### ASSIGNMENT
If a line contains "Un ancien appareil", it is the last one to write out; begin with the first line of the records and copy each exactly.

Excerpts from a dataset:
%%

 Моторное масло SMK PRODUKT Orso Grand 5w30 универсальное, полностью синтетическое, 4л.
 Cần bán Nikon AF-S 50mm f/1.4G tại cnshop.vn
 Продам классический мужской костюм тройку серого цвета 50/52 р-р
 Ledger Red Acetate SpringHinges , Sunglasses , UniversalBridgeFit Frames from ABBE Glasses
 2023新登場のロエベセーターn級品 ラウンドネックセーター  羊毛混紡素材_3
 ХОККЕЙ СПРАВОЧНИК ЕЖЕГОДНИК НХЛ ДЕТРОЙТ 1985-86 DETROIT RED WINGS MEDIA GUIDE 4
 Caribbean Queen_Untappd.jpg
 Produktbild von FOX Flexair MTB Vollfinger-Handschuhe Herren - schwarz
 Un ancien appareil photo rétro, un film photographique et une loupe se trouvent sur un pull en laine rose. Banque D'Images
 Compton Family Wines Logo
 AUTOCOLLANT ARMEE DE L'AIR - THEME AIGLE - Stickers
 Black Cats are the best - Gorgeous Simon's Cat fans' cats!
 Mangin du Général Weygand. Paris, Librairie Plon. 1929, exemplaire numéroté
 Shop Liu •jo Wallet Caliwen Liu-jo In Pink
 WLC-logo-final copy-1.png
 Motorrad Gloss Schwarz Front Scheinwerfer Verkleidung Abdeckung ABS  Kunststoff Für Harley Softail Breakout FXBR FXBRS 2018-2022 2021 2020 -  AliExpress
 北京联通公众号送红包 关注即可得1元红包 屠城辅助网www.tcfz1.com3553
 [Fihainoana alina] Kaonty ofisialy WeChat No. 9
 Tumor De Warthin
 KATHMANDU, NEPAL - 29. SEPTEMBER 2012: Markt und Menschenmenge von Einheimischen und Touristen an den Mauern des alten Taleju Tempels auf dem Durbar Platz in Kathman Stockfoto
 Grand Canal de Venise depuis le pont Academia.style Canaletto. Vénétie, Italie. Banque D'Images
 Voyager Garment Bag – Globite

%%

### COMPLETED EXERCISE
 Моторное масло SMK PRODUKT Orso Grand 5w30 универсальное, полностью синтетическое, 4л.
 Cần bán Nikon AF-S 50mm f/1.4G tại cnshop.vn
 Продам классический мужской костюм тройку серого цвета 50/52 р-р
 Ledger Red Acetate SpringHinges , Sunglasses , UniversalBridgeFit Frames from ABBE Glasses
 2023新登場のロエベセーターn級品 ラウンドネックセーター  羊毛混紡素材_3
 ХОККЕЙ СПРАВОЧНИК ЕЖЕГОДНИК НХЛ ДЕТРОЙТ 1985-86 DETROIT RED WINGS MEDIA GUIDE 4
 Caribbean Queen_Untappd.jpg
 Produktbild von FOX Flexair MTB Vollfinger-Handschuhe Herren - schwarz
 Un ancien appareil photo rétro, un film photographique et une loupe se trouvent sur un pull en laine rose. Banque D'Images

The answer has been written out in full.